In short, by raising the electoral threshold, Israel has virtually eliminated any possibility of something it desperately needs: an Arab party that fosters integration rather than Jewish-Arab tensions.
The second problem caused by the higher threshold is exemplified by Baruch Marzel, a former Kahanist whose Otzma Yehudit party is running on a joint ticket with Eli Yishai’s Yahad. Otzma is a collection of far-right extremists that has repeatedly failed (under various names) to enter the Knesset. But this time, precisely because of the higher threshold, it looks set to succeed.
Why? Because though Yahad could easily have cleared the old threshold on its own, polls showed it missing the new, higher threshold by a few thousand votes. So to boost it over, Yishai was forced to ally with a party he previously wanted nothing to do with. True, he could have kept his hands clean at the price of his party’s defeat – but how many politicians would ever do that?
Clearly, Israel doesn’t benefit from having anti-Arab extremists like Marzel in the Knesset.

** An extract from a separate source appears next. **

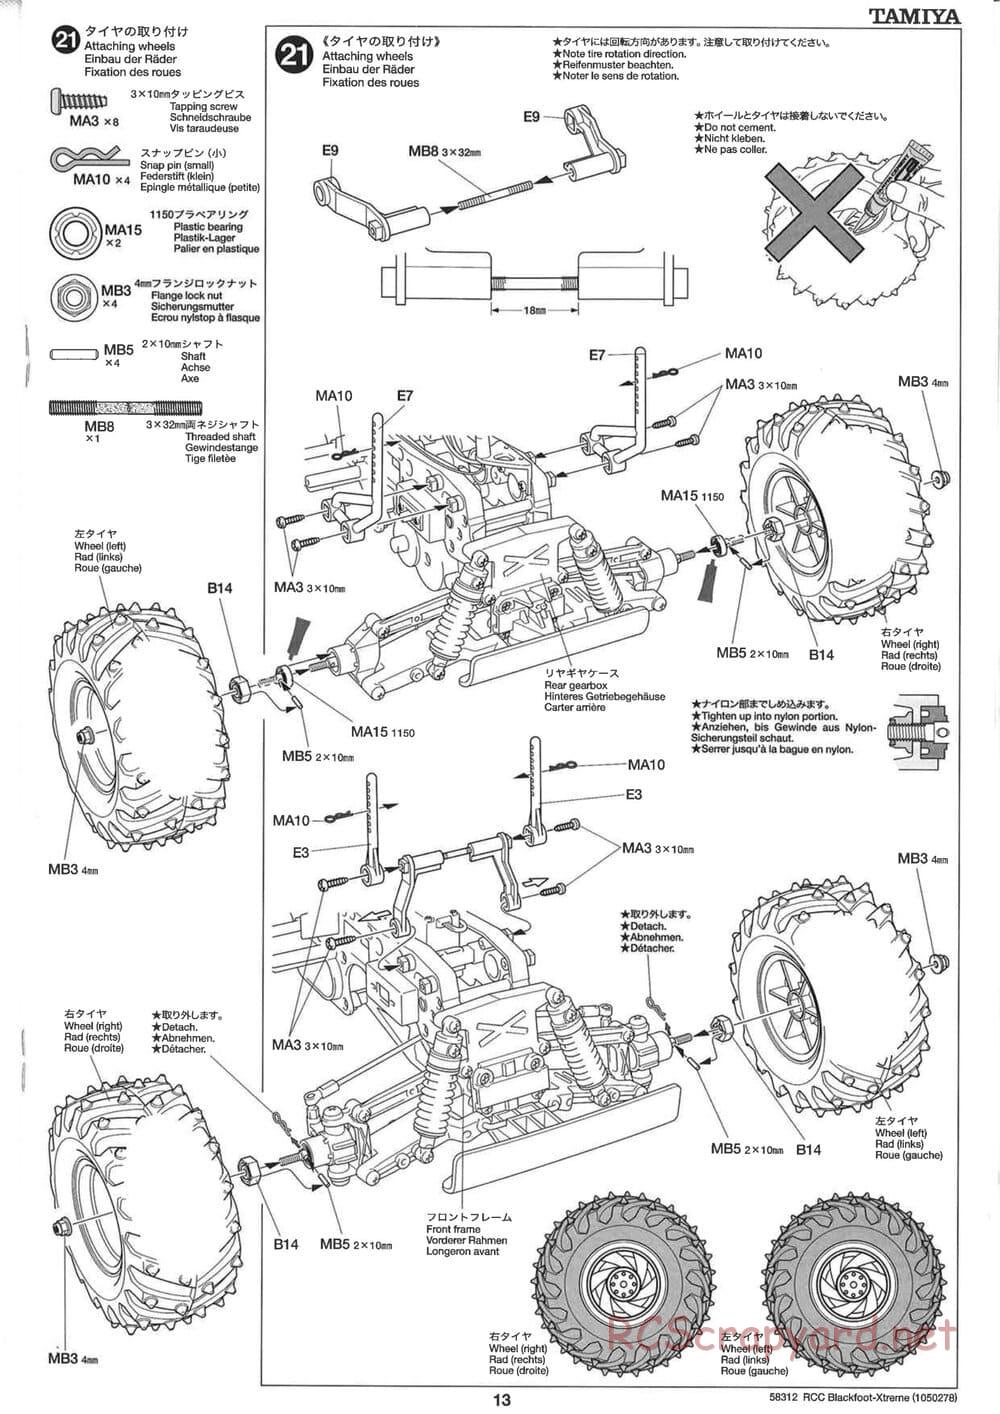 Tamiya - Blackfoot Xtreme - WT-01 Chassis - Manual - Page 13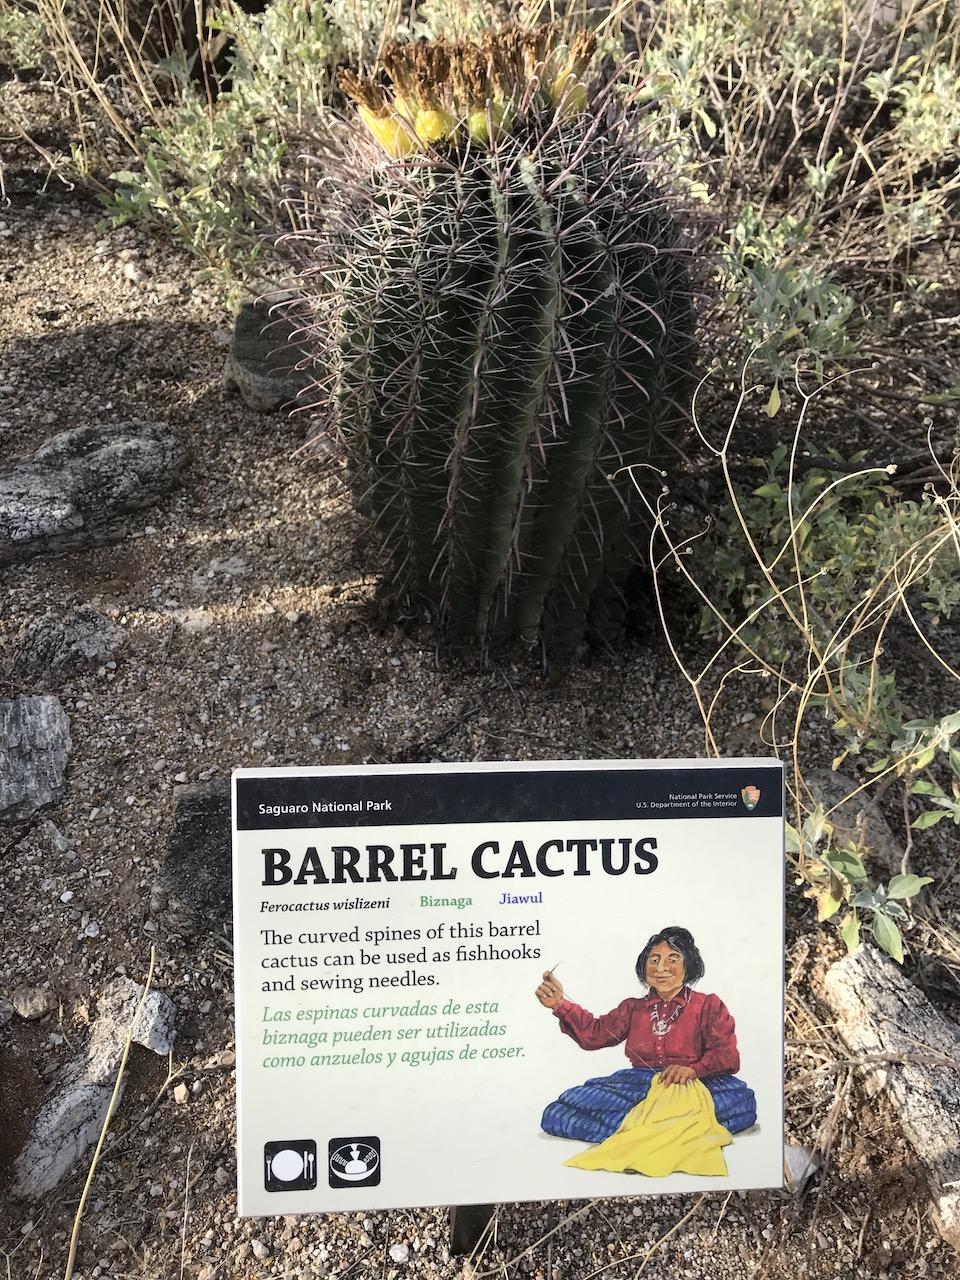 Barrel cactus, Ethobotany Garden, Saguaro National Park/Kurt Repanshek

In contrast, Yishai’s party actually serves two important functions. First, it has attracted Sephardi voters who aren’t ready to abandon identity politics, but would rather not support a convicted criminal like Shas leader Aryeh Deri. Polls currently show Shas losing about four seats, with many of those votes going to Yishai. And if Shas pays a real electoral price for reinstating the corrupt Deri, other parties may think twice about tolerating corruption within their own ranks.
Second, Yishai’s unabashedly rightist diplomatic stance is attracting significant support from religious Zionism’s hardal wing, which shares the haredi parties’ attitude toward religion but not their willingness to countenance territorial concessions. For years, hardalim have supported the religious Zionist Bayit Yehudi party or its predecessors, and in exchange, Bayit Yehudi largely toed the haredi line on religious issues. But if hardalim now leave in significant numbers, Bayit Yehudi might finally resume representing religious Zionism’s sorely missed traditional stance – a moderate Orthodoxy committed to finding halakhic solutions to national problems.
Thus the best outcome for Israel would be Yahad without Otzma. And under the old electoral threshold, that’s exactly what we would have gotten. Instead, by raising the threshold, we’ve virtually ensured that Otzma will get in on Yishai’s coattails.
I once opposed raising the threshold for fear of driving fringe elements out of the democratic game altogether and thereby increasing the risk of their resorting to violence. But it turns out the higher threshold has actually empowered Jewish extremists while disempowering Arab moderates – the worst of all possible outcomes. Thus the next Knesset’s first order of business must be reinstating the old, lower threshold.